The Webretailer News Digest for April 1, 2022
As we head into Q2 of 2022, the eCommerce sector is continuing to be affected by widespread supply chain disruptions from a wide range of vectors, including the pandemic, war, and inflation. Hopes of the supply chain returning to a pre-pandemic “normal” are being dashed. Experts interviewed by several top publications agree that this state of supply chain uncertainty is the “new normal” and that disruptions aren’t going away anytime soon.
For retailers and marketplace sellers, the stresses of supply chain disruptions result in lower profits, higher fulfillment and warehousing costs, more unsatisfied customers due to delayed delivery times, and increased difficulties with shipping products from overseas. But if these problems aren’t going anywhere anytime soon, what are sellers doing about it? Let’s dive into the ongoing supply chain woes, look at how we got here, the impact it’s having on eCommerce, and what to do to smooth out the bumps in the road.
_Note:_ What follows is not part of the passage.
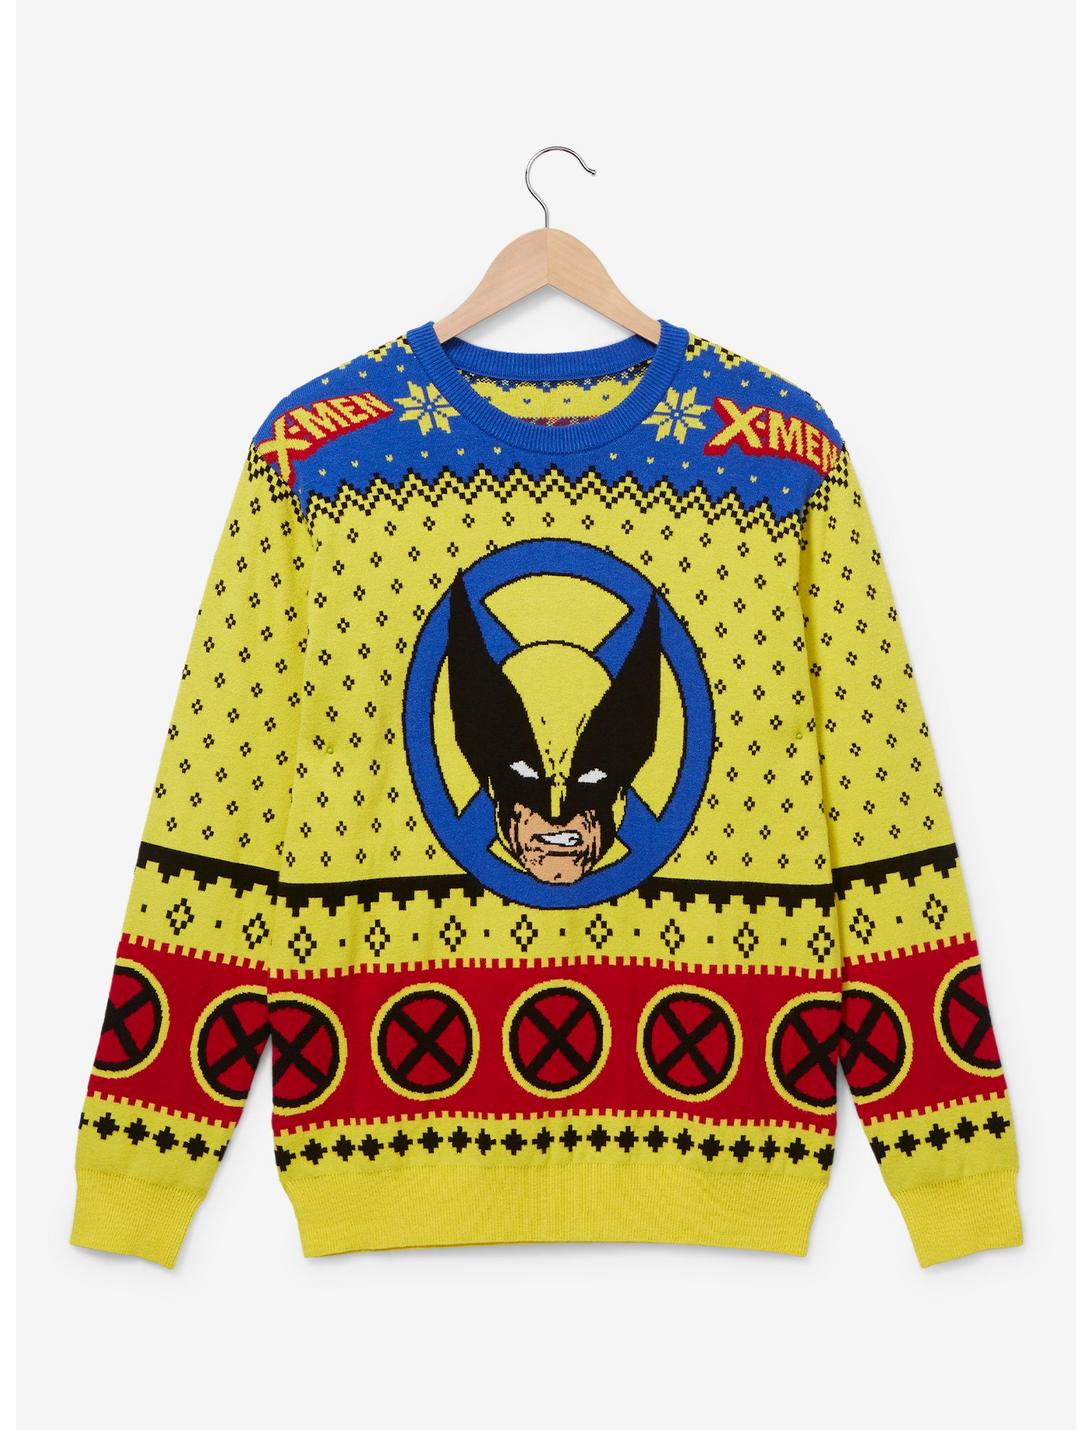 X-Men Wolverine Holiday Sweater - BoxLunch Exclusive, YELLOW, hi-res
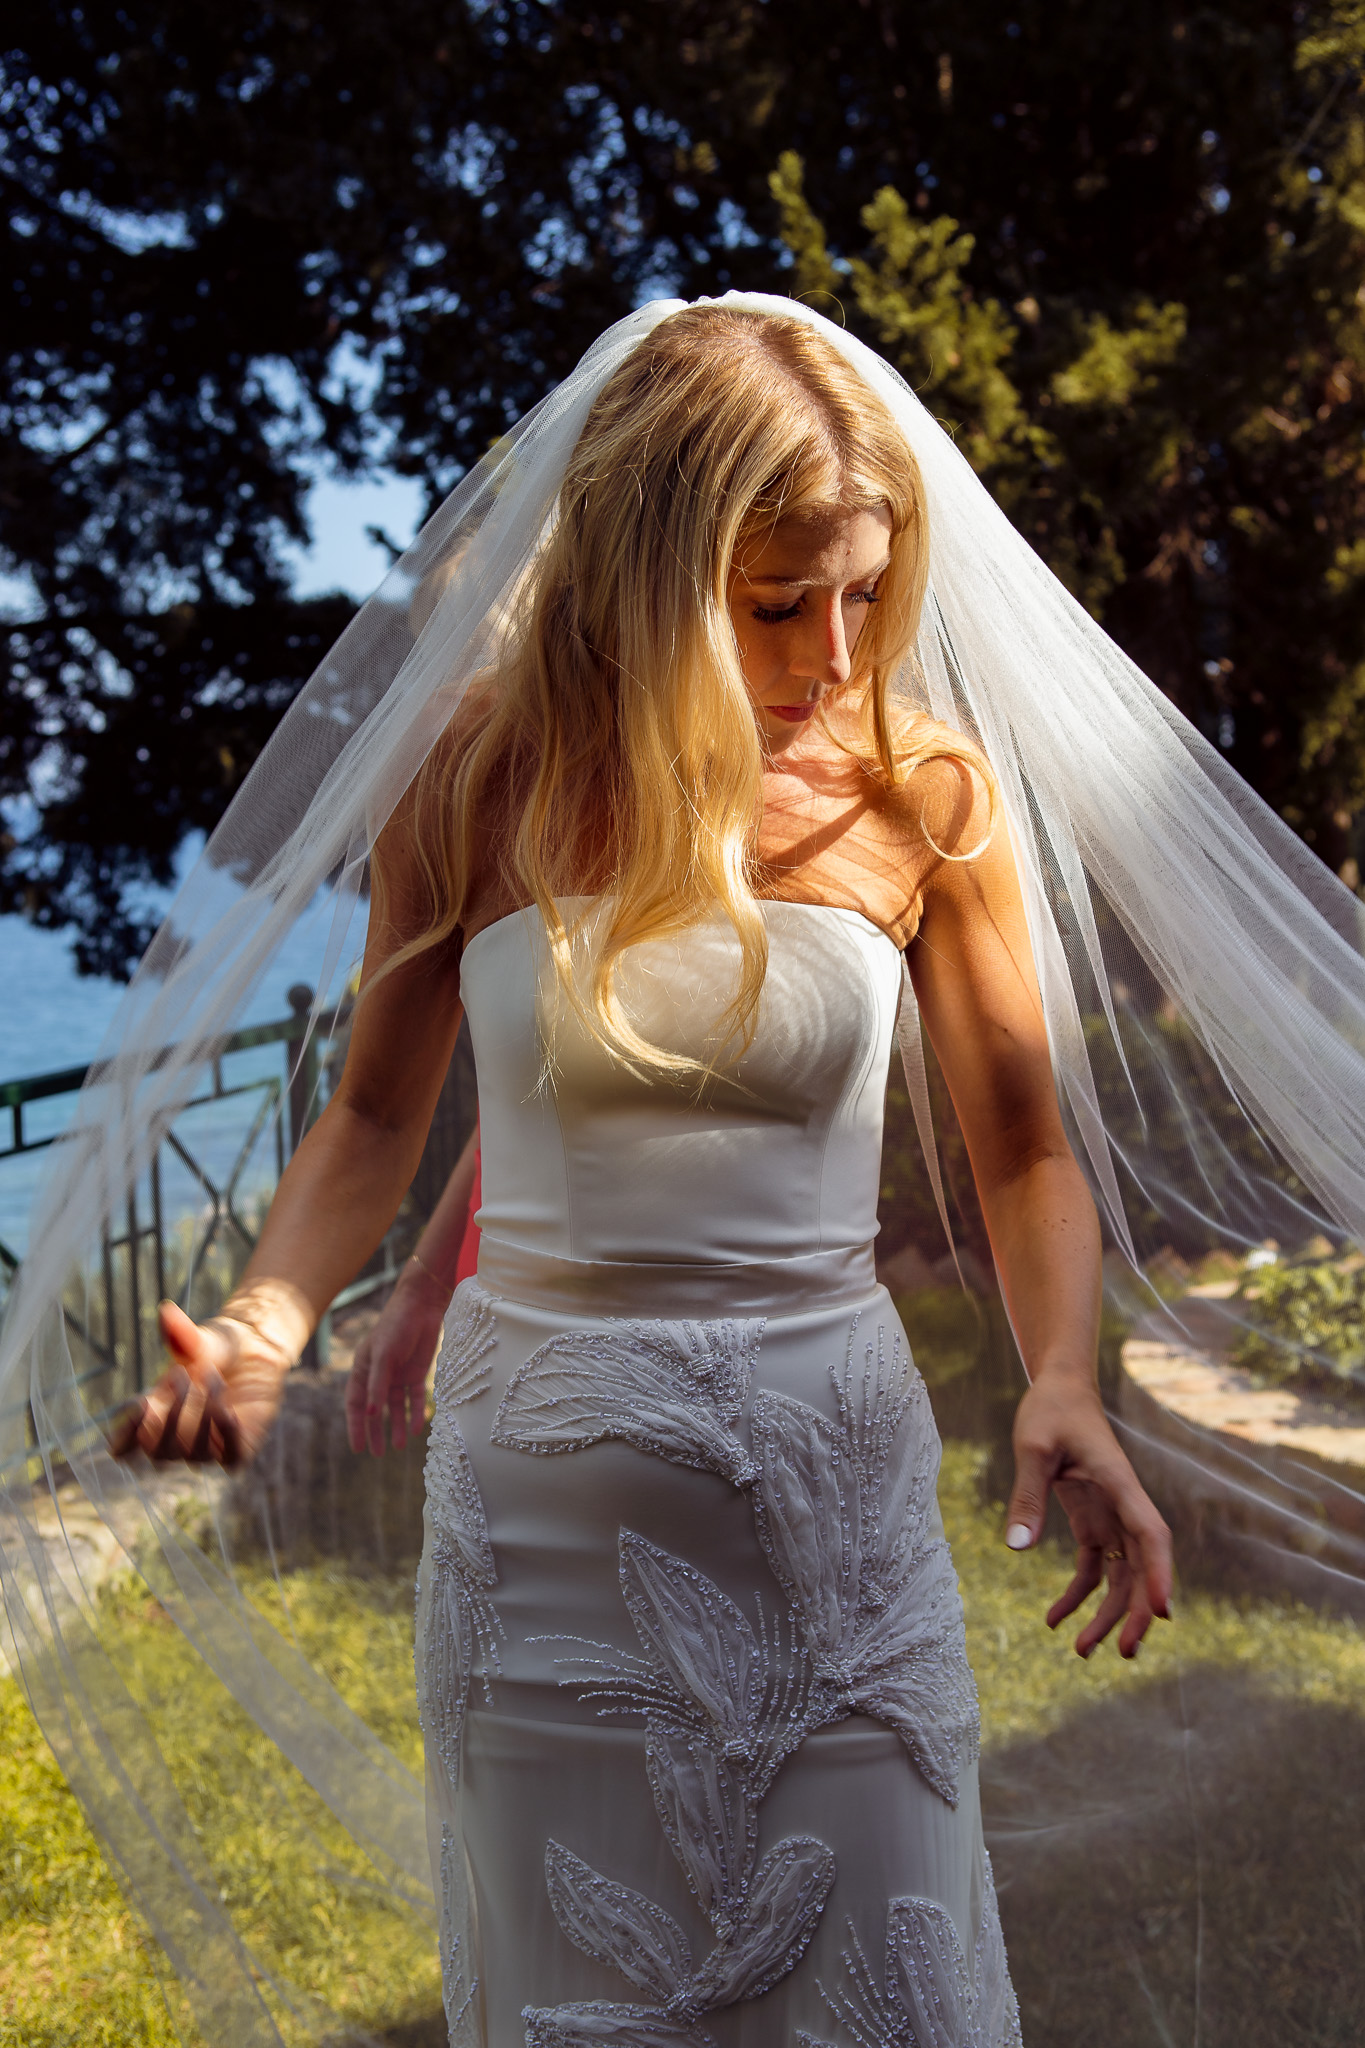 Alice poses in her wedding dress and veil at her villa in Crete before heading to her wedding.

Why eCommerce is stuck on the supply chain gang
To get perspective on the situation, we have to go back to where the problems began: the global onset of COVID-19. As countries locked down, it caused a domino effect where one toppled domino led to another, and another, and another. While the speed at which pandemic-related dominos are falling has slowed, it’s become clear that some of them will not be reset to a normal position, while others exist in a state of flux, flipping from up to down at random.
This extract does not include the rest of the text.